Concretely, a 1D encoder–decoder segmentation model with long-range temporal modeling was pre-trained on 1526 PSG nights from the HSP dataset and fine-tuned on 35 synchronized PSG–radar nights collected at Beijing Tiantan Hospital. Under the radar evaluation protocol, PSG→Radar transfer consistently improved event-level detection and AHI estimation compared with radar-only training.

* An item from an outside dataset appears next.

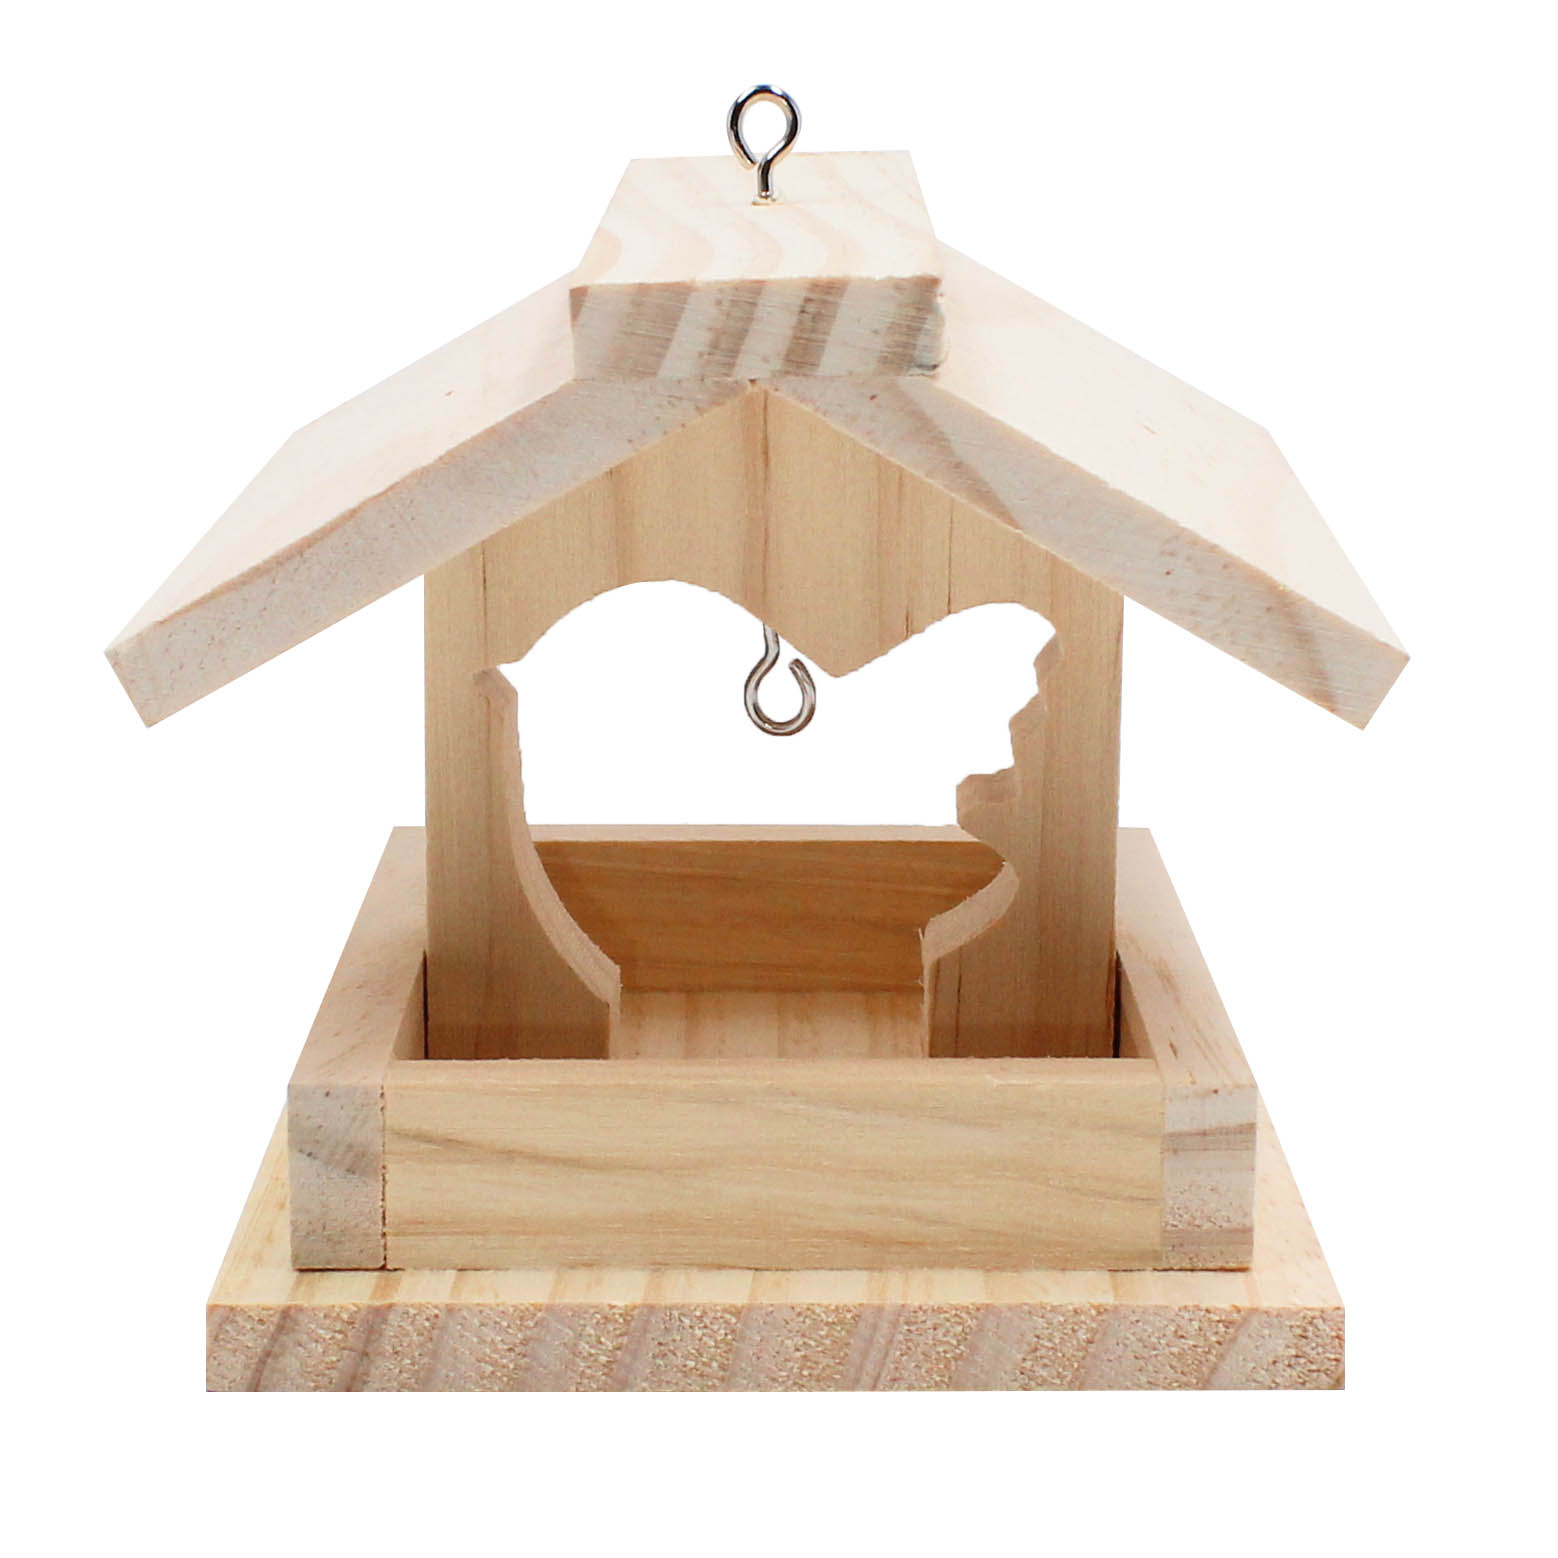 Vogel Futterhäuschen aus Holz -DIY Bausatz

From a clinical perspective, the achieved event-level F1 (about 0.82) should be interpreted in light of the known subjectivity of respiratory-event scoring: even among trained scorers, hypopnea and event-type labeling exhibited only moderate agreement, which sets a practical ceiling on model–PSG concordance. Moreover, our AHI errors (MAE/RMSE; Table 5) were small relative to standard severity cutoffs (5/15/30 events·h⁻¹), suggesting that the main practical risk of misclassification was concentrated near category boundaries. Taken together, these results indicate that PSG-initialized radar fine-tuning can provide clinically meaningful screening and longitudinal monitoring signals, while PSG remains the reference for definitive diagnosis.

5.2. Limitations

Despite the promising PSG→radar transfer results for event-level apnea/hypopnea segmentation, several limitations remain. First, the radar cohort was small (35 nights) and collected at a single center with one bedroom/sensor configuration, which may limit generalizability to home settings. Variations in room layout/clutter, radar–bed distance/angle, bedding-induced multipath, and posture patterns/turning can change radar micro-motion signatures and respiration SNR, leading to feature shift and performance variation. Second, our radar respiration extraction and synchronization benefit from controlled acquisition and clinically synchronized PSG, and may require more robust self-calibrating preprocessing and signal-quality control for fully reference-free deployment. Third, PSG hypopneas may be scored based on desaturation/arousal criteria that are weakly reflected in motion signals, causing label ambiguity and modality mismatch [5]. Future work will validate multi-site cohorts and improve robustness via calibration/normalization, augmentation, and domain adaptation.

5.3. Future Work

Future work will focus on improving generalization, deployment readiness, and clinical interpretability of the proposed framework. We plan to expand synchronized PSG–radar cohorts across multiple centers and home-like environments to better quantify robustness to sensing geometry, posture variability, and demographic heterogeneity and report subgroup-specific uncertainty. To enable practical reference-free operation, we will develop self-calibrating radar preprocessing, including adaptive bin selection, improved clutter/multipath suppression, and learned separation of respiration from motion artifacts. On the learning side, we will explore self-supervised or contrastive pretraining on large unlabeled radar recordings and investigate hybrid schemes that combine PSG supervision with radar self-supervision to further reduce label dependence and improve domain robustness. Methodologically, we will extend the current binary segmentation pipeline toward subtype-aware and multi-task formulations and examine explicit domain adaptation, test-time adaptation, and lightweight personalization to mitigate strong inter-subject and inter-environment shift. Finally, we will pursue prospective clinical studies to evaluate screening utility and longitudinal tracking performance in real home monitoring workflows, together with usability, privacy, and regulatory considerations for translation.